━━ Data segment ━━

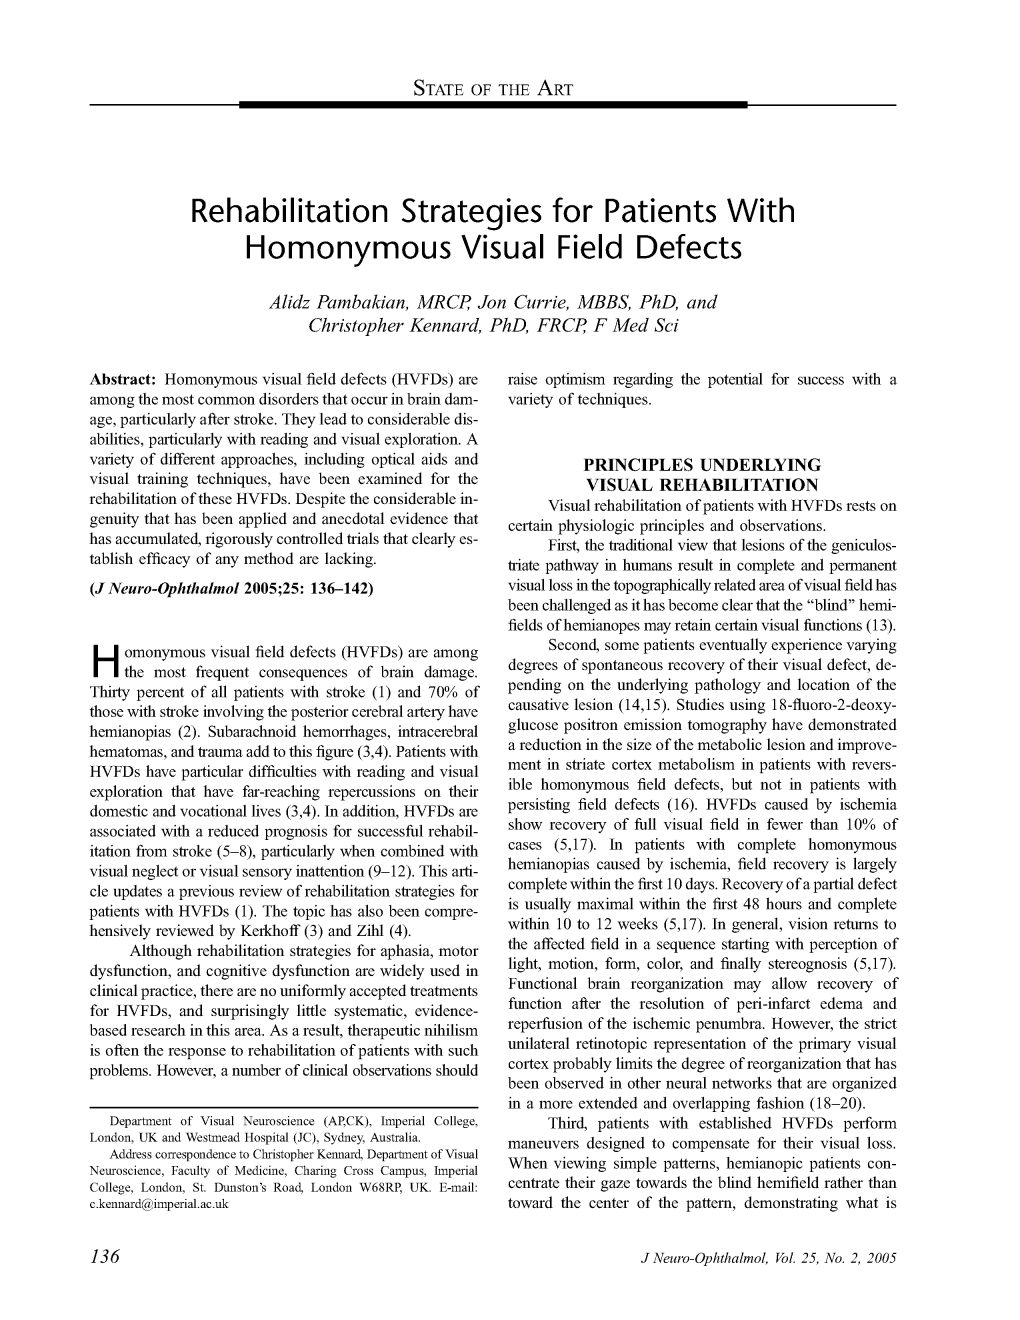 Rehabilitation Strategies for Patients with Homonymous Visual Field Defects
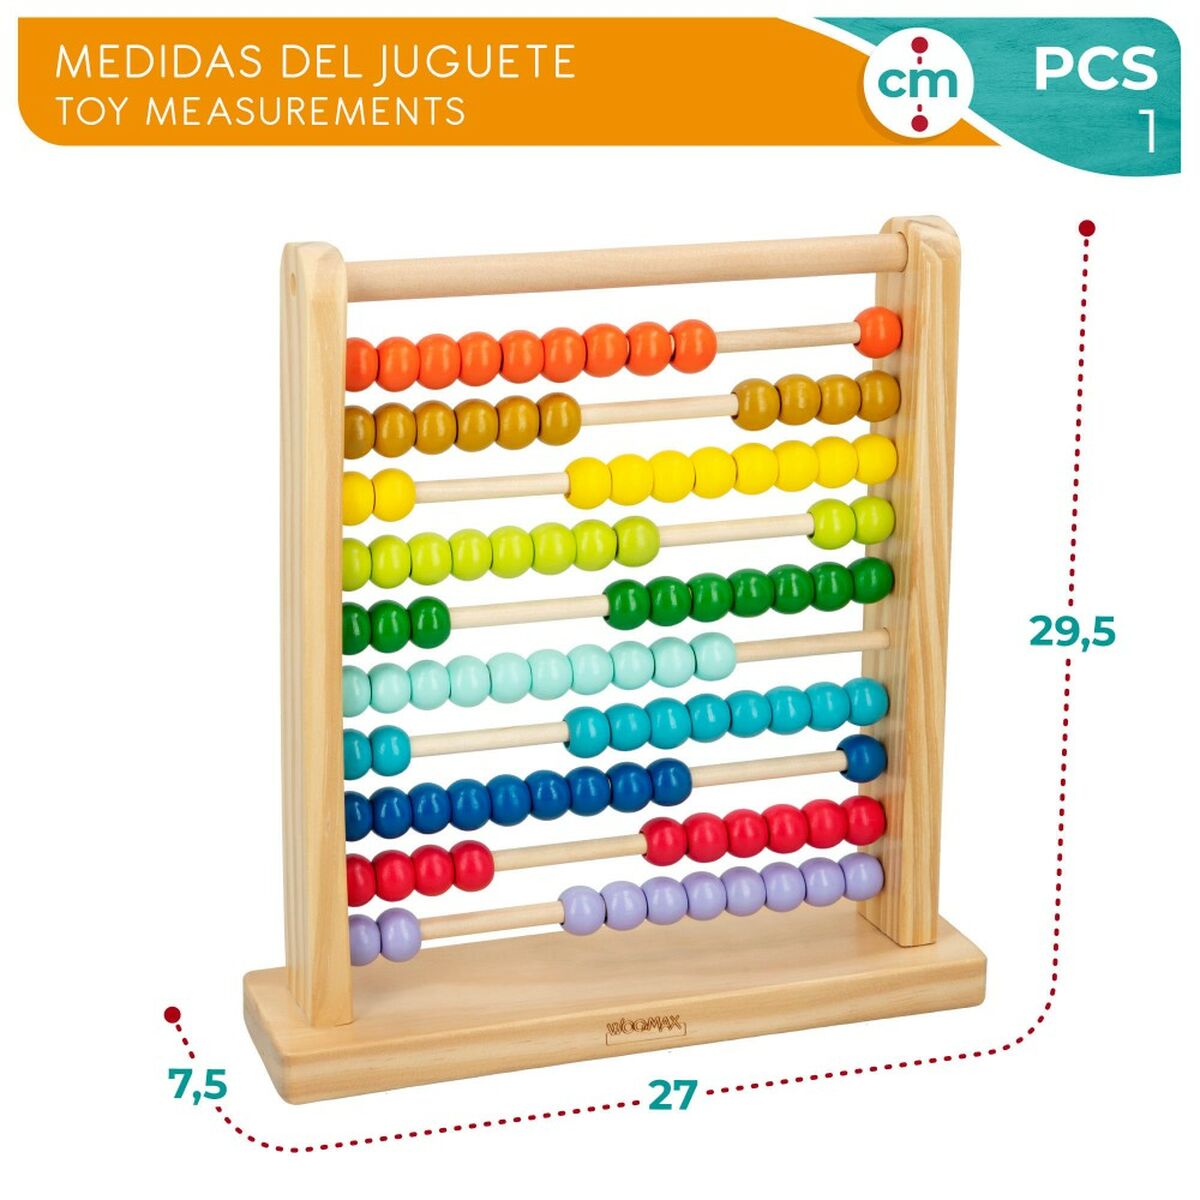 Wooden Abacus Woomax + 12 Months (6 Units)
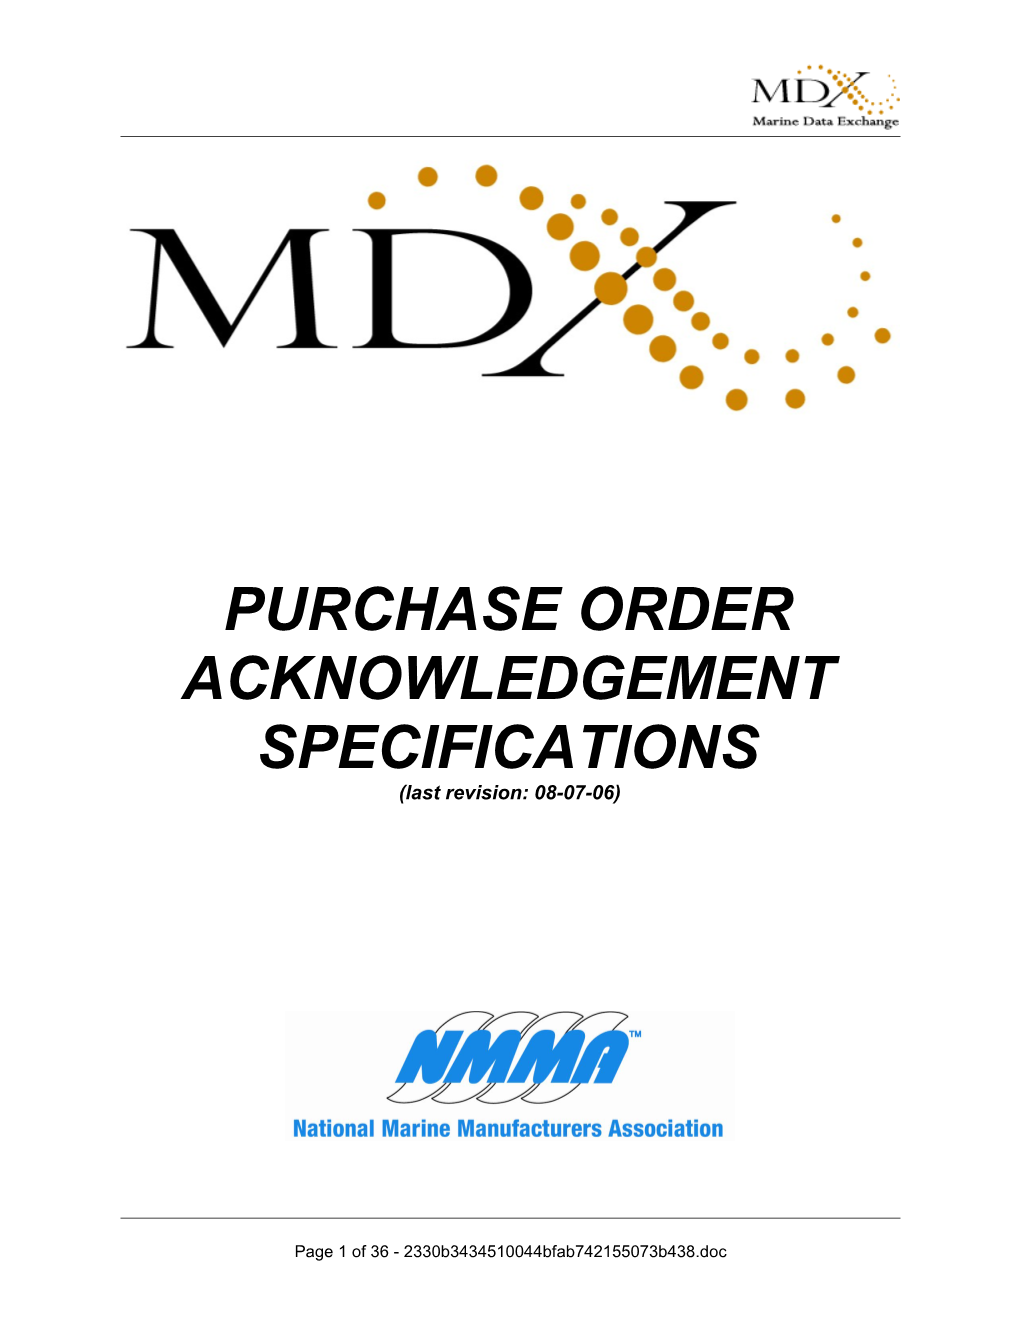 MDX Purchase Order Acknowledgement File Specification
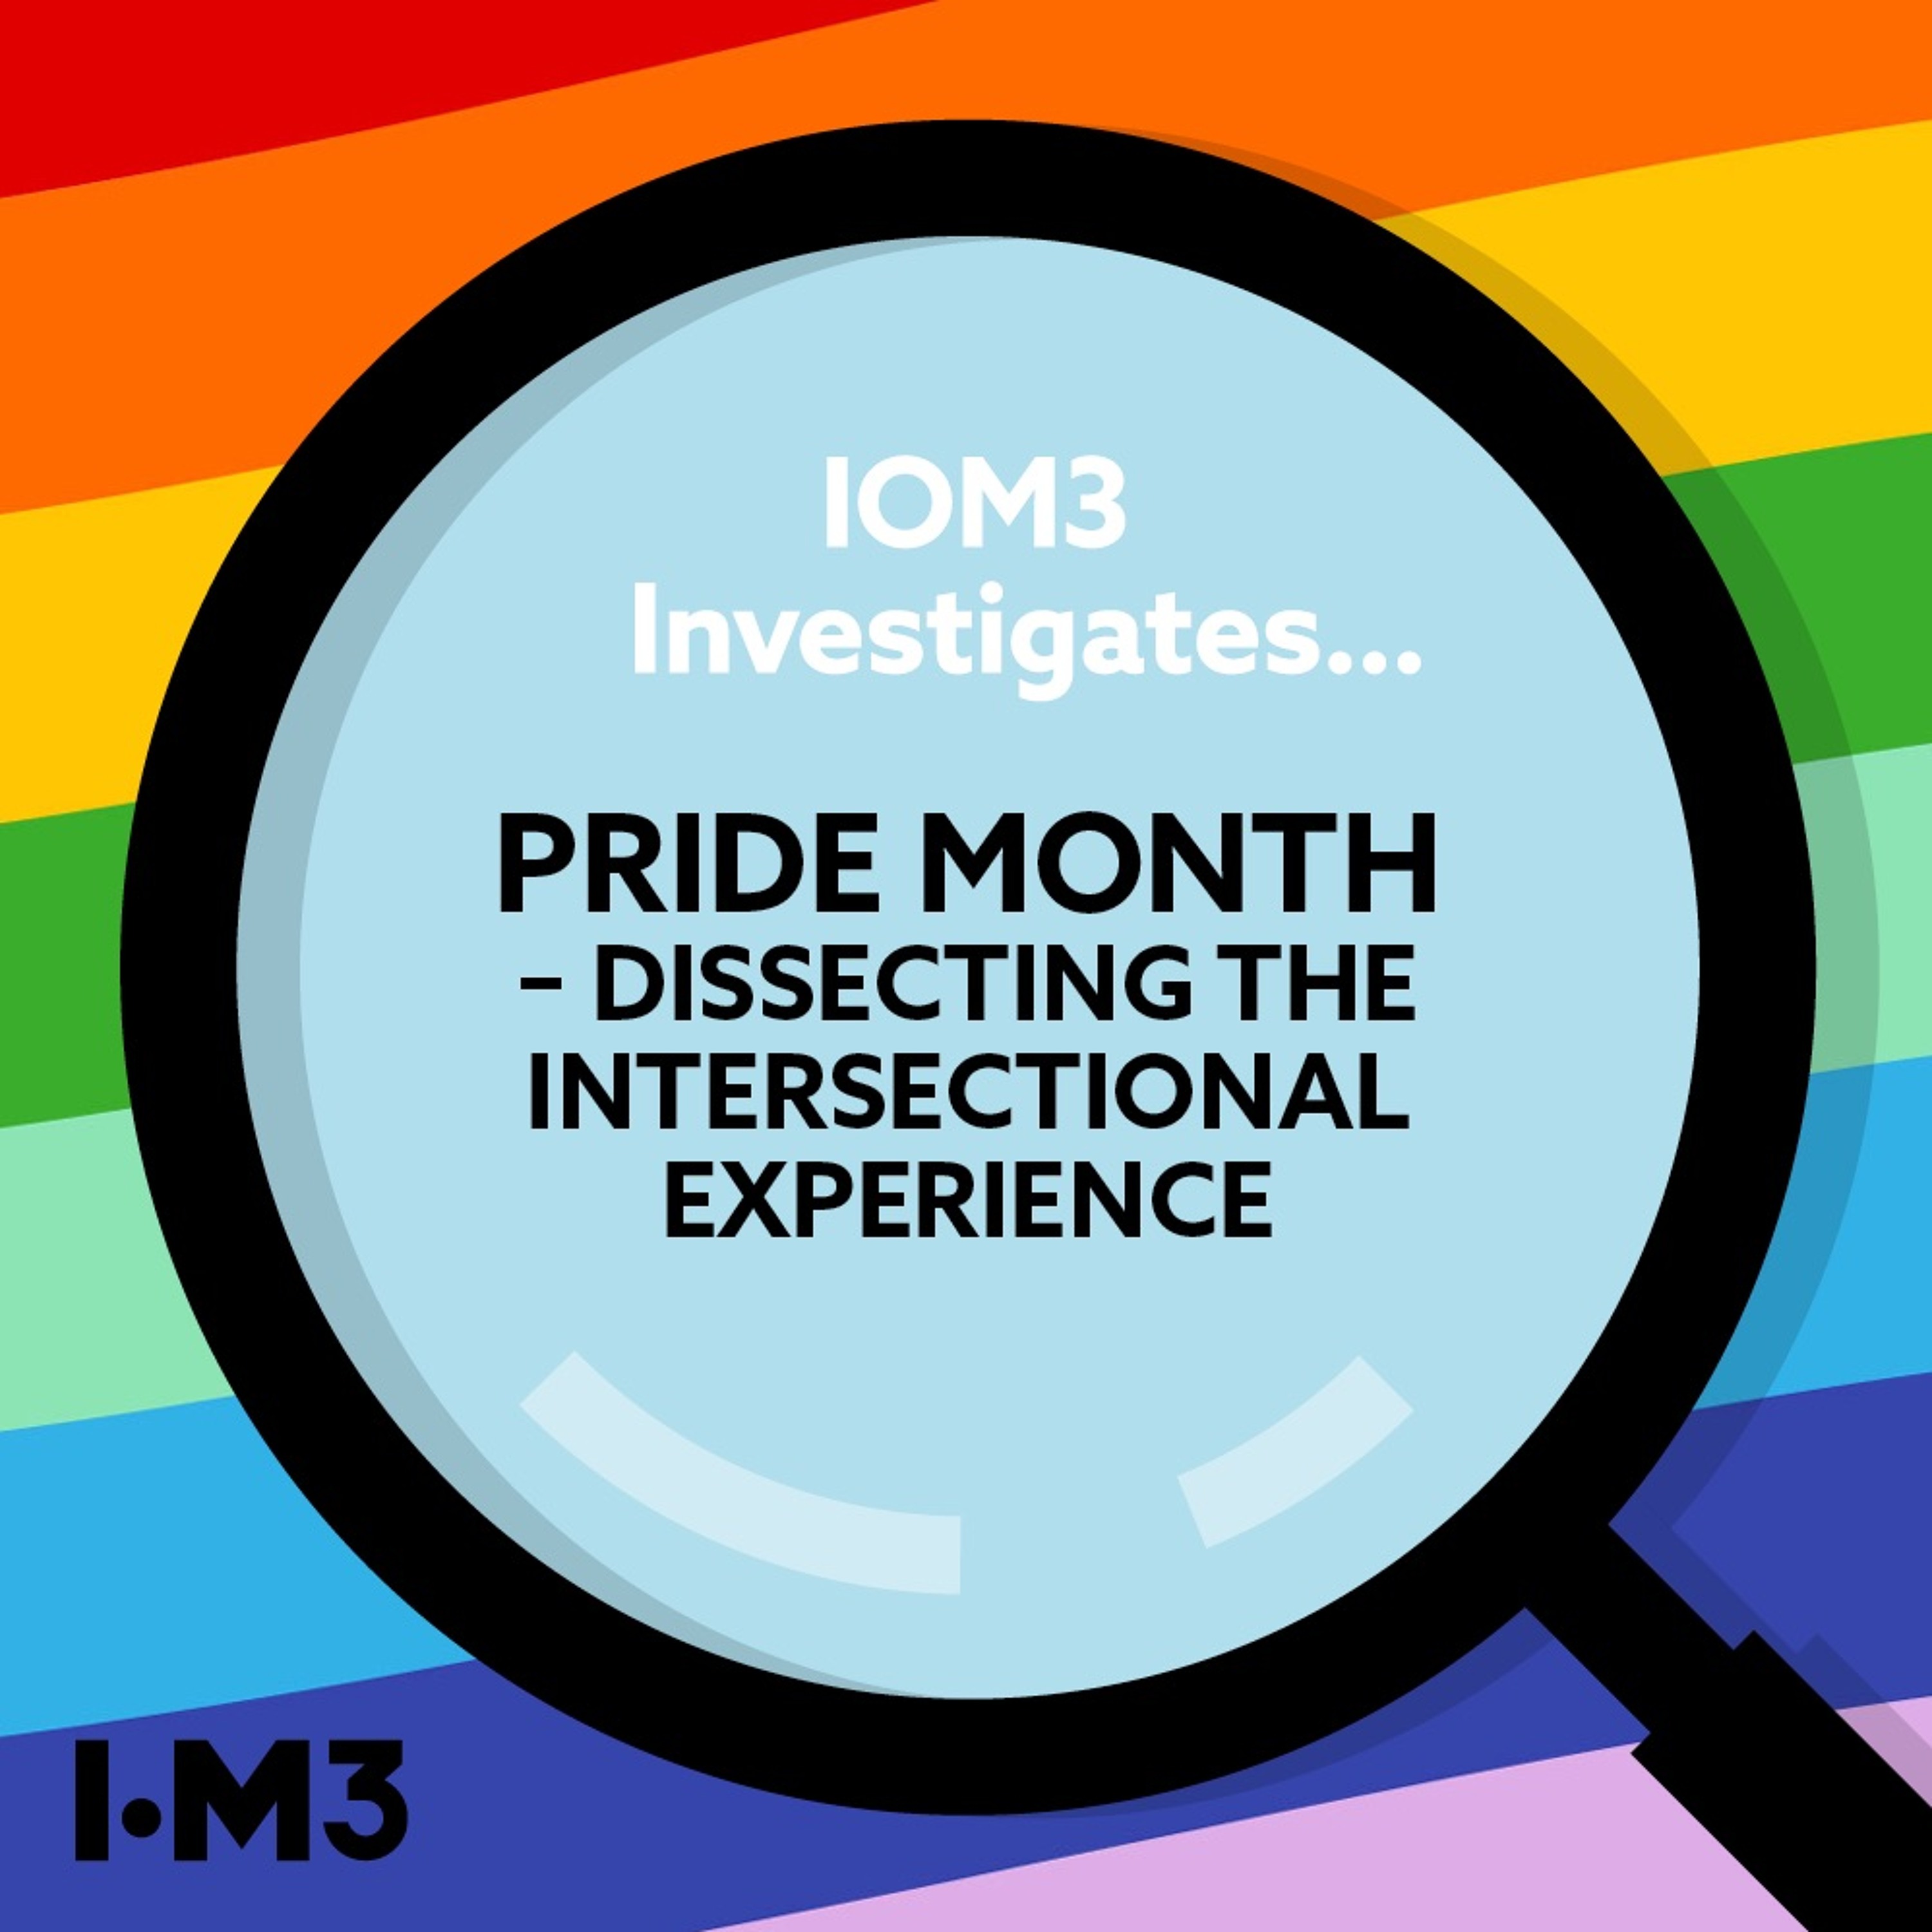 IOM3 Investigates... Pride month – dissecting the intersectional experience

━━━

Once the line containing "Wooden Abacus Woomax + 12 Months (6 Units)" is found, transcribe it and the rest of the lines to the end of the listing above exactly, omitting all pictures.

Solved exercise —
 Wooden Abacus Woomax + 12 Months (6 Units)
 MDX Purchase Order Acknowledgement File Specification
 IOM3 Investigates... Pride month – dissecting the intersectional experience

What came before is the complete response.